■ Problem:
Pictures in the entries below are excluded; copy only the lines from the one containing "잔잔한 푸른 하늘 아래 녹색 잎 분홍색 꽃잎 꽃이 만발한 나무" to the one containing "Vedtaket var enstemmig", both included.
===== Data to process =====
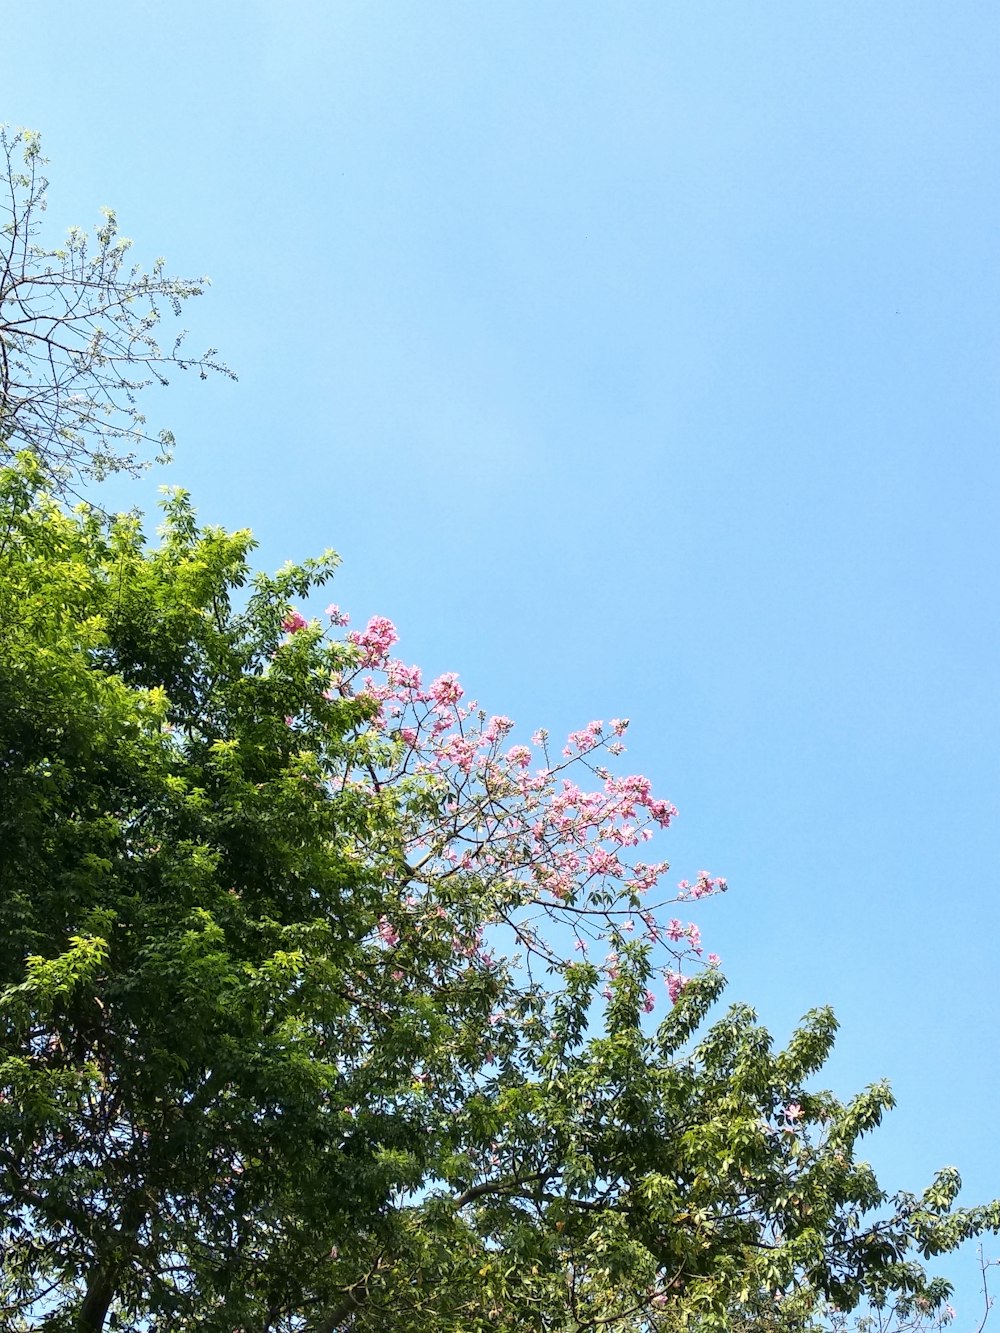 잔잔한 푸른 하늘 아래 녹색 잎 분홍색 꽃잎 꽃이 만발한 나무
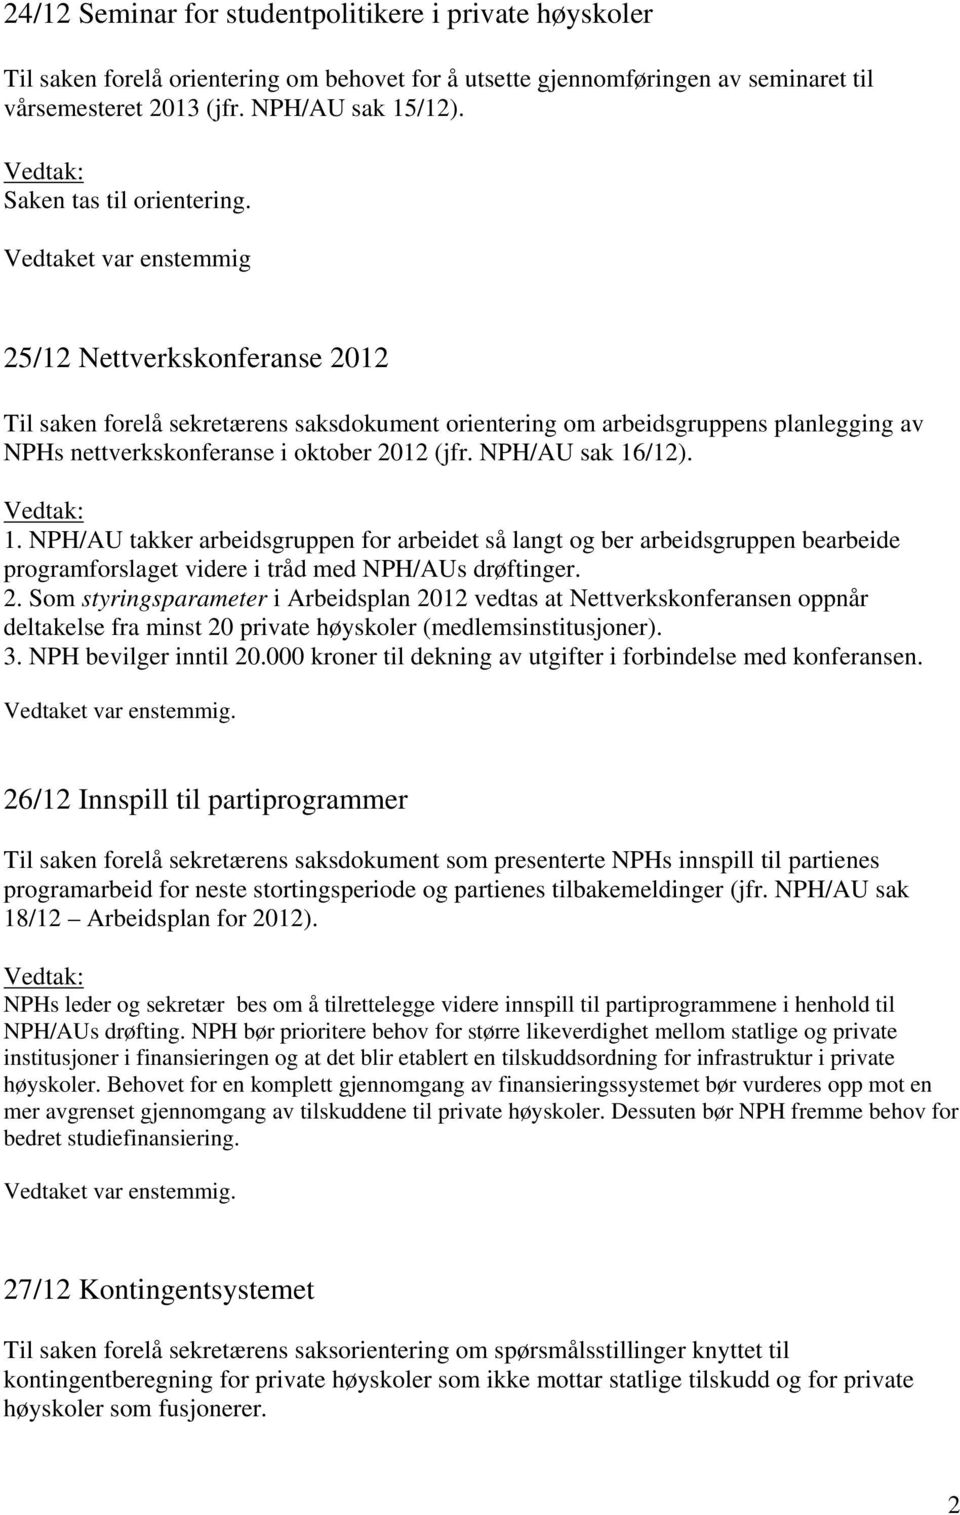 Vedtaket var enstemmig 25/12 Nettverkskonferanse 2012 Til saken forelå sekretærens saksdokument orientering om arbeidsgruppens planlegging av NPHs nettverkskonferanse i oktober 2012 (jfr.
=====
===== Data to process =====
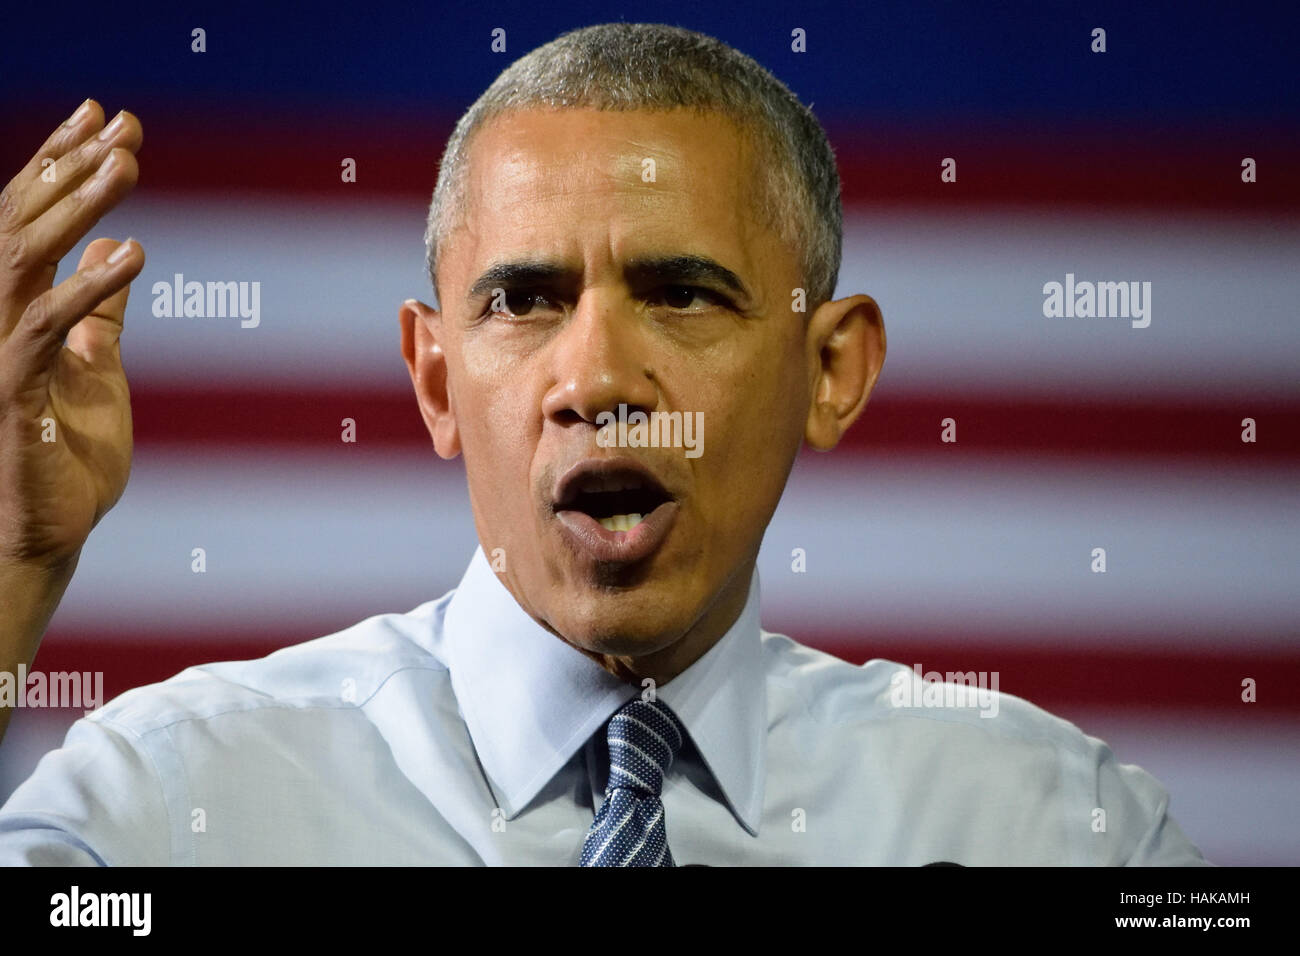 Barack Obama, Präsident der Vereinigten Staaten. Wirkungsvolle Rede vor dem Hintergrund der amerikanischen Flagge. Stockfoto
=====
■ Expected answer:
 잔잔한 푸른 하늘 아래 녹색 잎 분홍색 꽃잎 꽃이 만발한 나무
 Vedtaket var enstemmig 25/12 Nettverkskonferanse 2012 Til saken forelå sekretærens saksdokument orientering om arbeidsgruppens planlegging av NPHs nettverkskonferanse i oktober 2012 (jfr.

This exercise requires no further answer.